In summary, the solution proposed in this work demonstrates that an early vision filtering stage can be implemented in mixed-signal neuromorphic hardware in a relatively economic way, with adequate accuracy and stability. Particularly, exploiting both ON and OFF channels – through their push-pull combinations – shows to be an appropriate approach to remove the undesired effect of dc component sensitivity, and thus obtain highly informative phase-based features. The implemented units act as multiple oriented bandpass frequency channels, well supporting a compact and reliable representation of position, orientation and phase of local image patches. As a whole, the resulting harmonic signal description provided by the proposed neuromorphic circuit could be potentially used for a complete characterization of the 2D local structure of the visual signal in terms of phase relationships from all the available oriented channels. The amplitude (i.e., firing rate) information can be used as an indicator for the likelihood of the presence of a certain structure, while the orientation of contrast transitions and their spatial symmetry (i.e., phase,7,57) can be used as an attribute of the visual descriptor.

Methods

Structure of the simulated network

To define the actual connections of each neuron of the V1 layer, the target neuron is considered as being in the central position (0, 0) of the x-y plane. The retina layer and the V1 layer are considered superimposable, and to each neuron of the retina layer is assigned a value sampled from the kernel h0(xy) centered in (0, 0). The neurons whose values are above a certain threshold are connected to the target neuron with base-weights corresponding to the sampled values of the corresponding kernels. The same process applies for defining the recurrent connections. The base-weights were sampled from the feed-forward and feed-back kernels in Fig. 2a, b. The Gabor functions in Fig. 2c, used to sample the synaptic weights for the test networks, were defined in order to have an excitatory central region width of five pixels (i.e., the same size as that of the feed-forward kernel) by fixing k0 = 0.7 cpd, and σ = 3.5 or σ = 4.7 to obtain a three-subregion or a five-subregion RF, respectively; the threshold was set to 0.1.

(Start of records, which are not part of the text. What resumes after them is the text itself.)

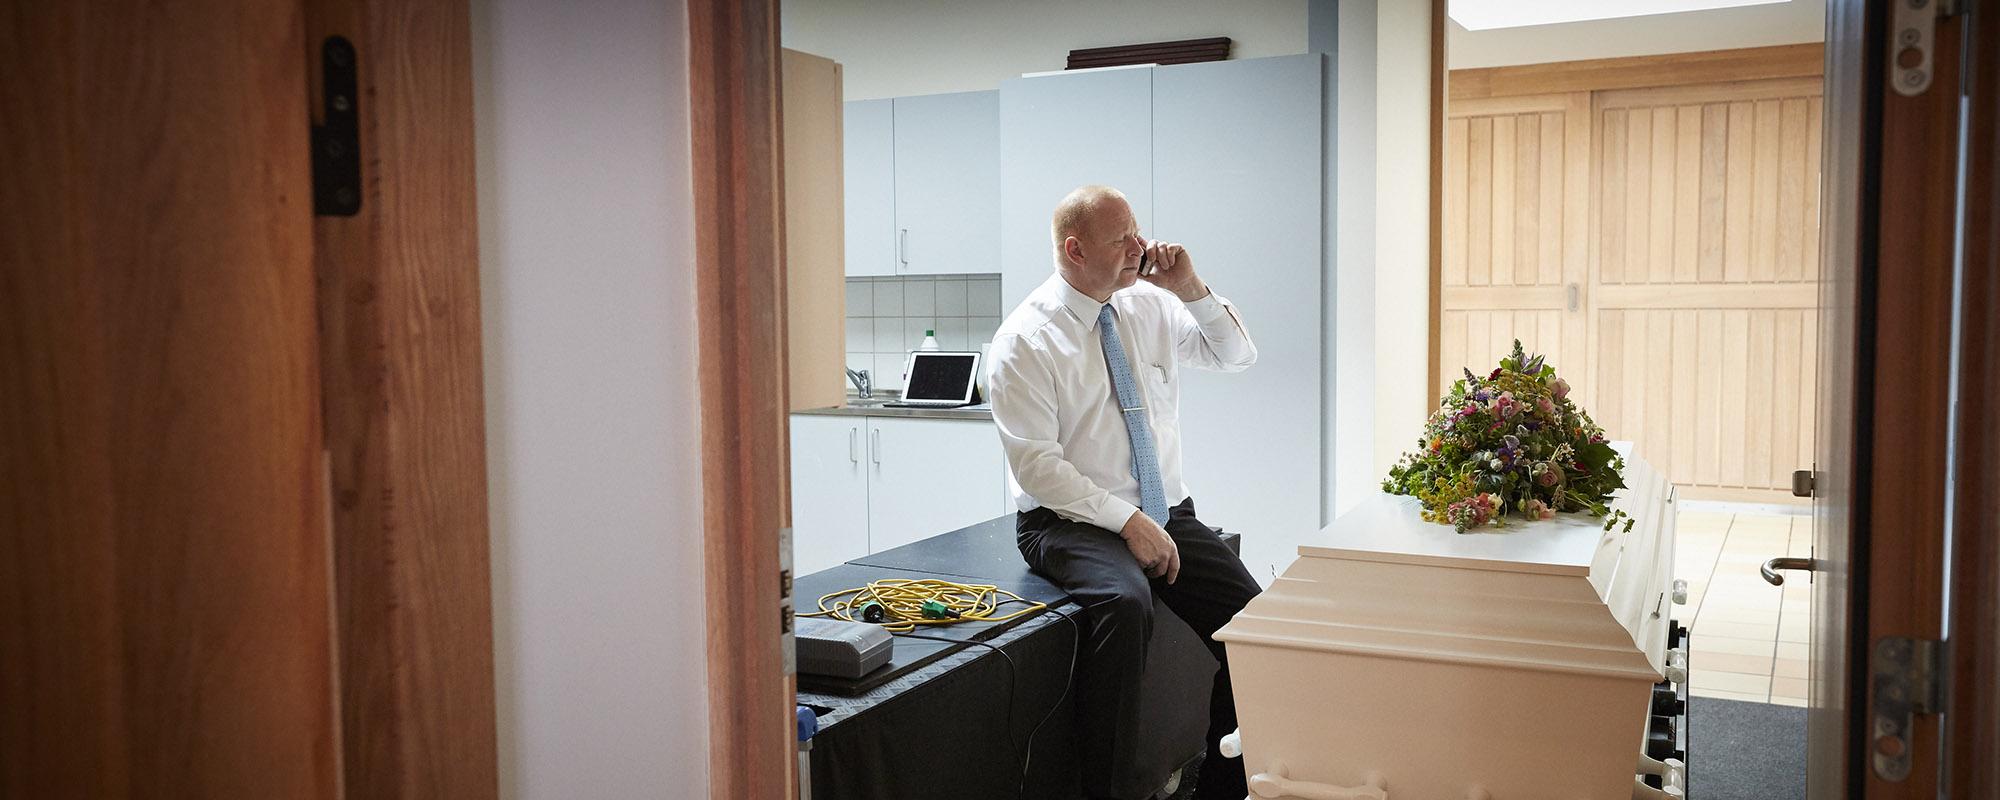 Bedemand Niels Pedersen snakker telefon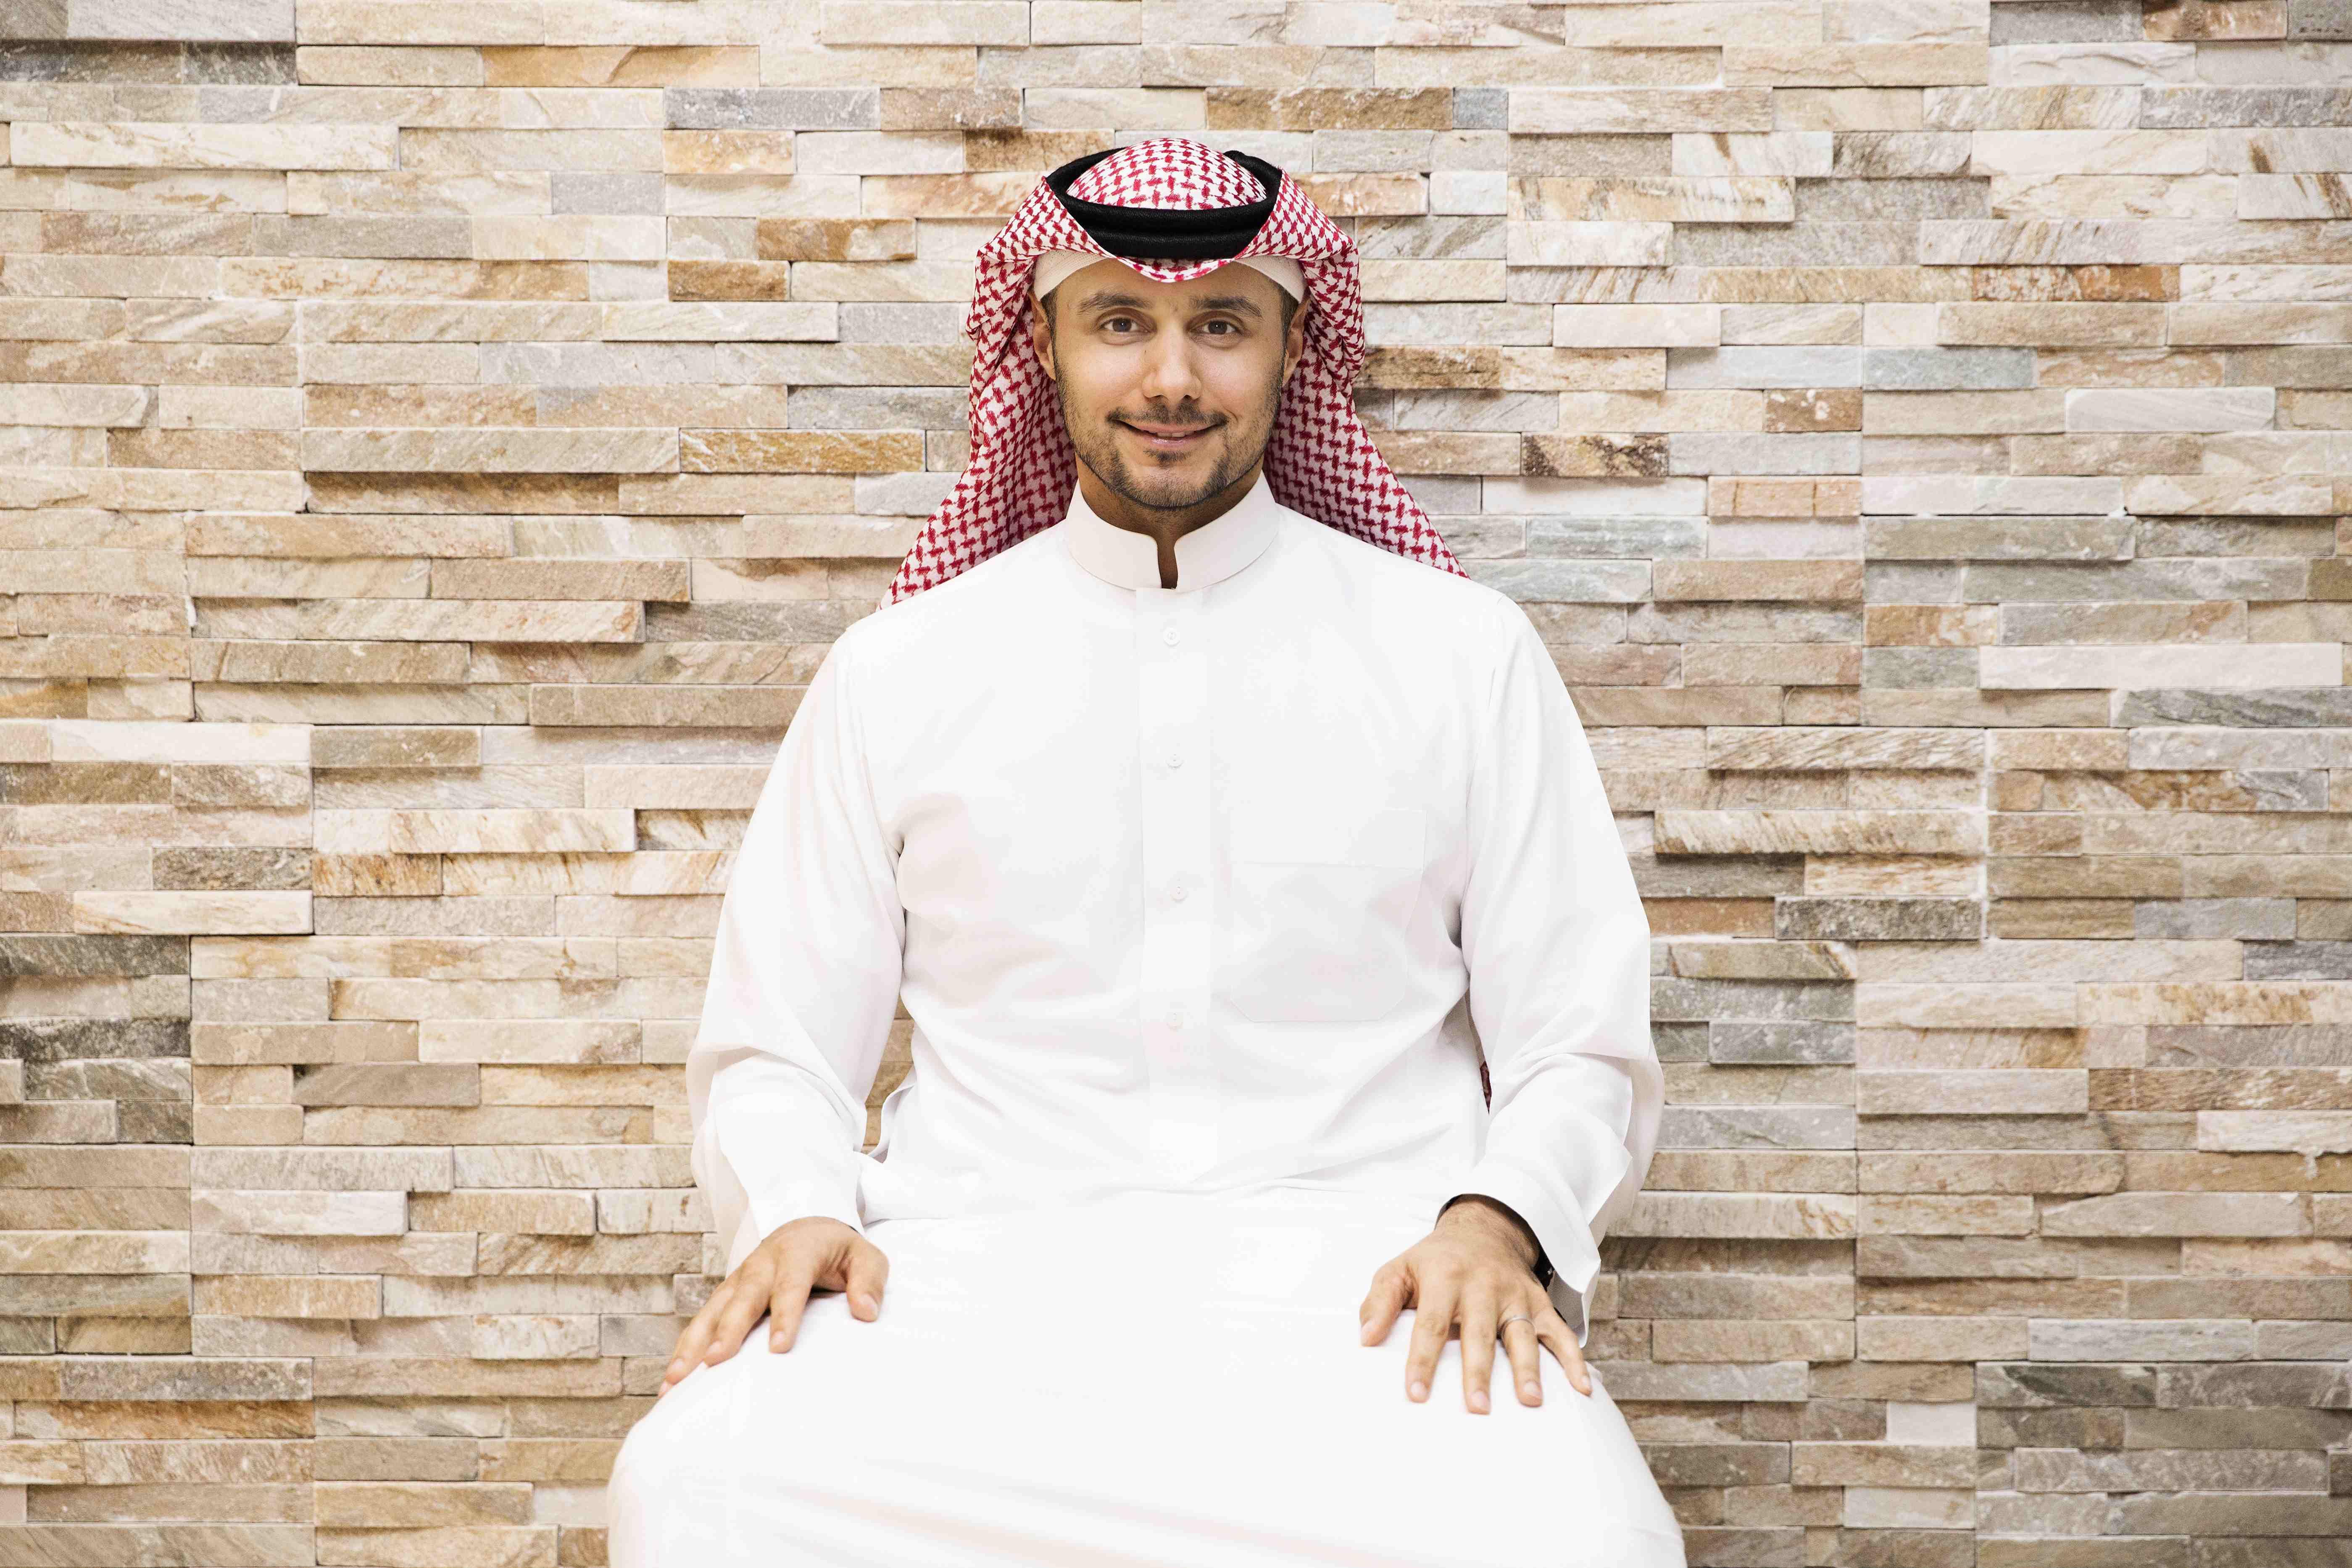 Khaled bin Alwaleed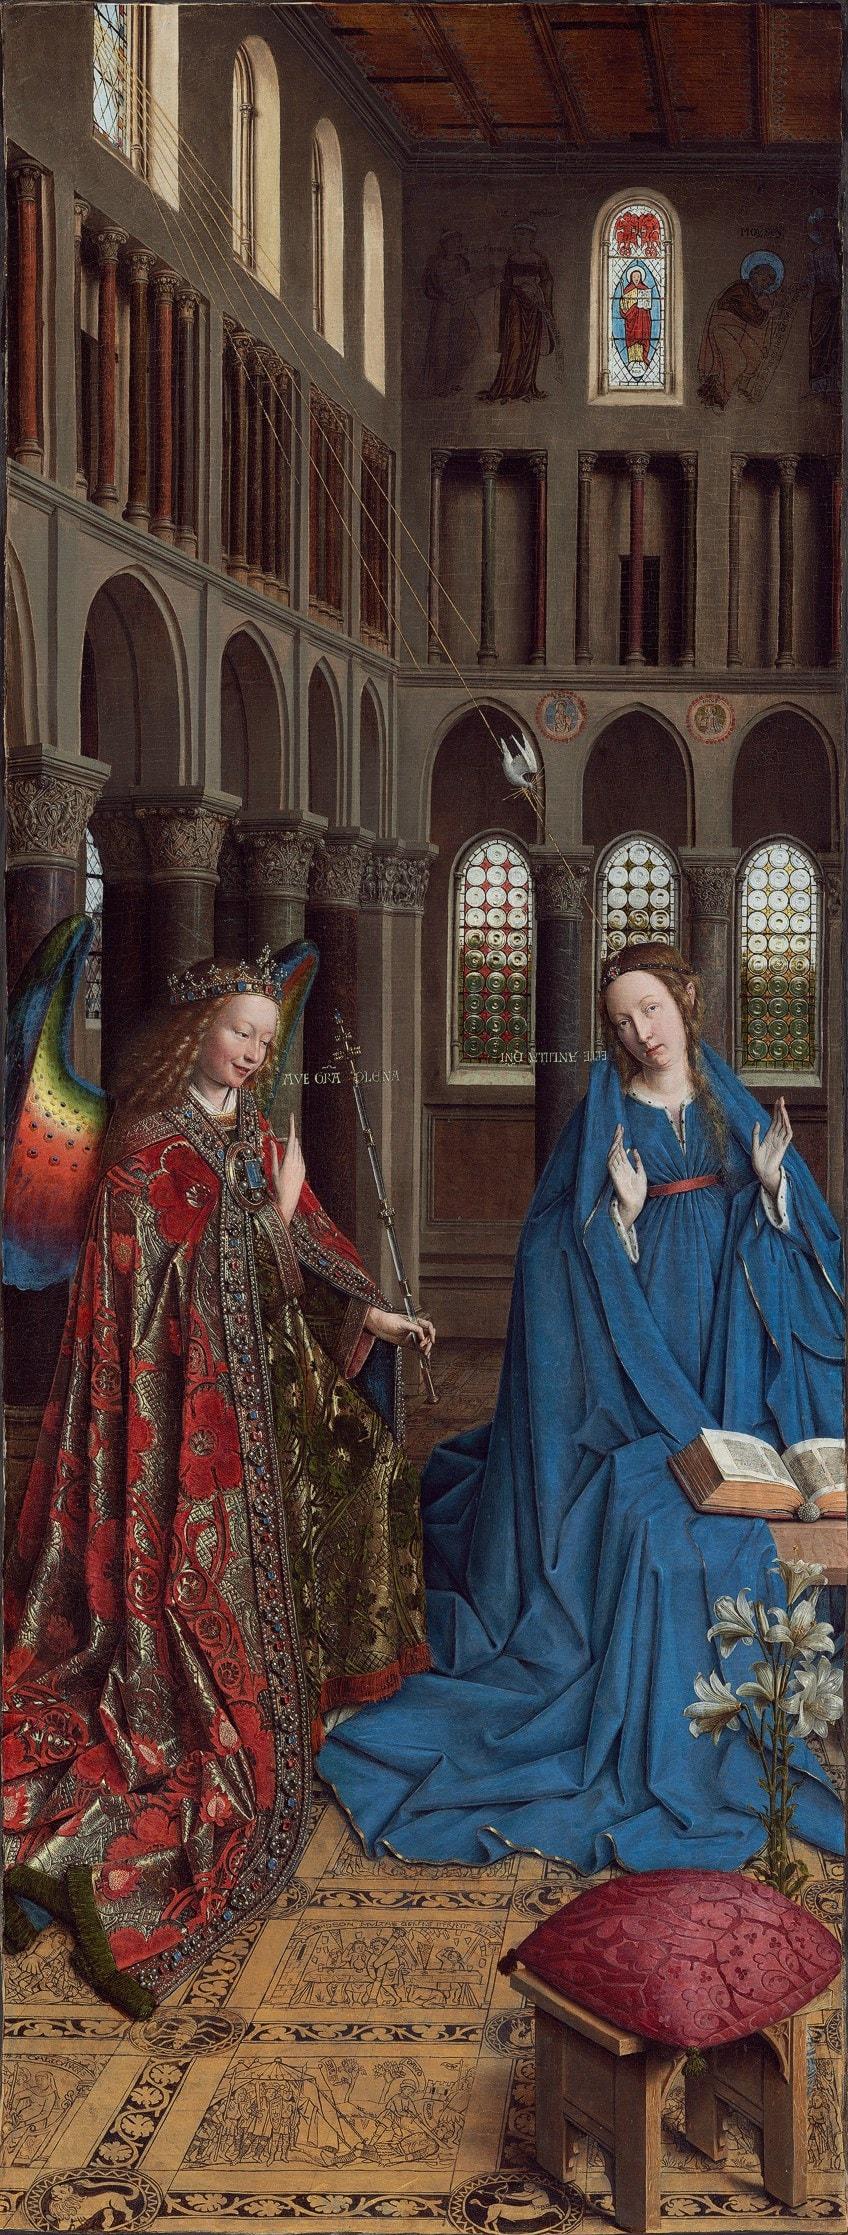 Famous Jan van Eyck Portrait Paintings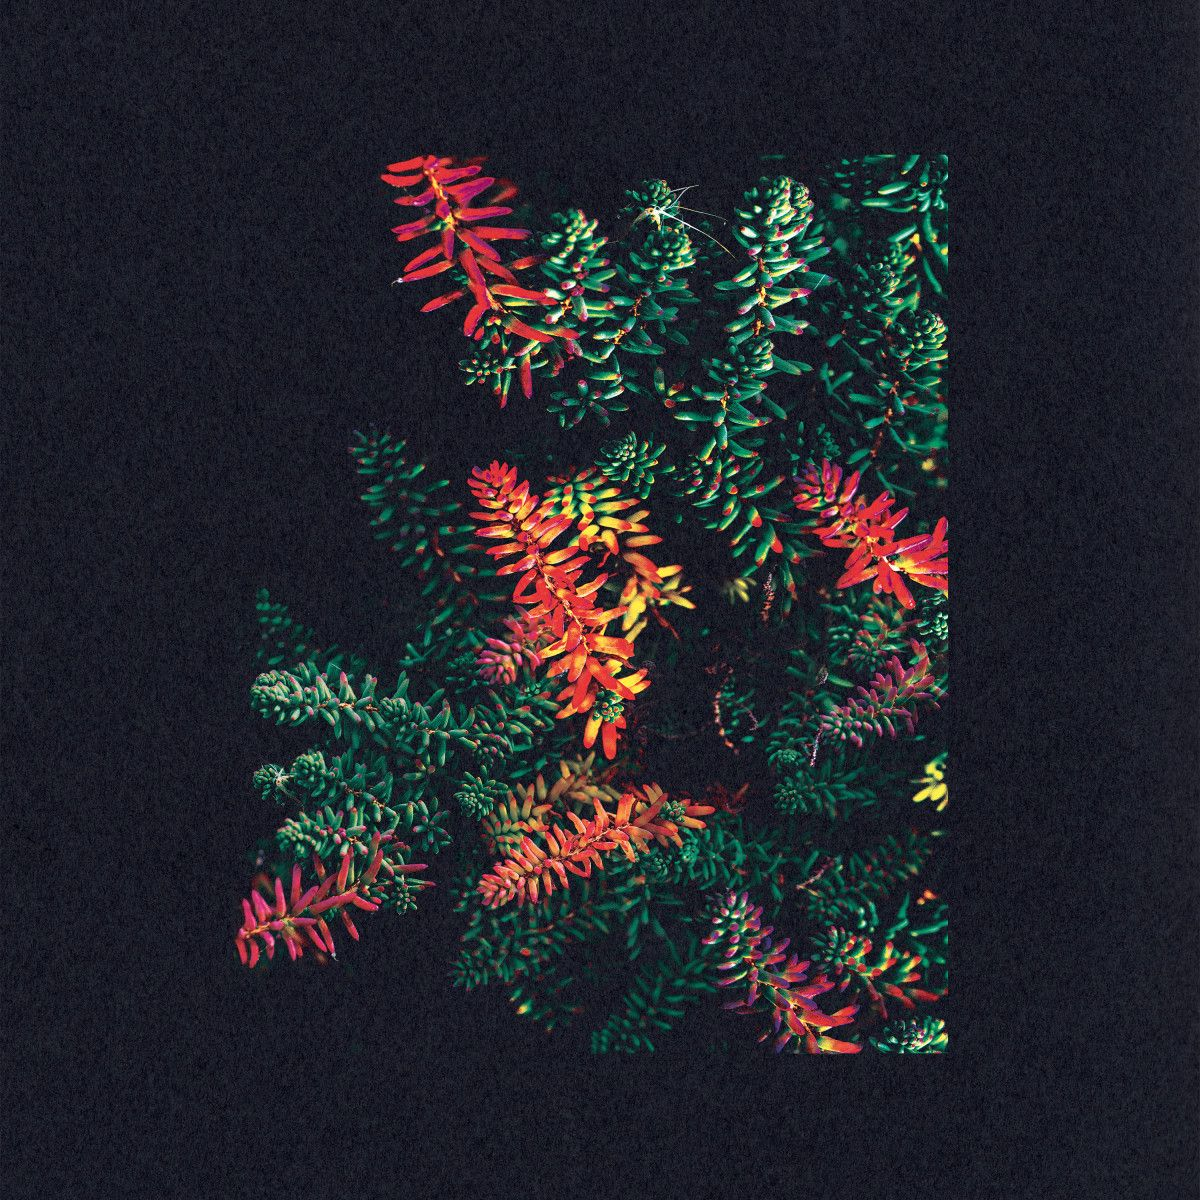 23. Dark Sky - Othona

Implementation on the DYNAP-SE board

The DYNAP-SE board poses the following restrictions:

  1. each neuron can have at most 64 afferent connections;

  2. each neuron in a core shares the same biases, including the synaptic weight of the afferent connections;

  3. each neuron has two types of excitatory synapses and two types of inhibitory synapses, thus limiting to two the maximum number of different excitatory and inhibitory weights for each core;

  4. only the shunting-type inhibitory synapse could be used since the other type was not effective in lowering the membrane voltage of the target neuron.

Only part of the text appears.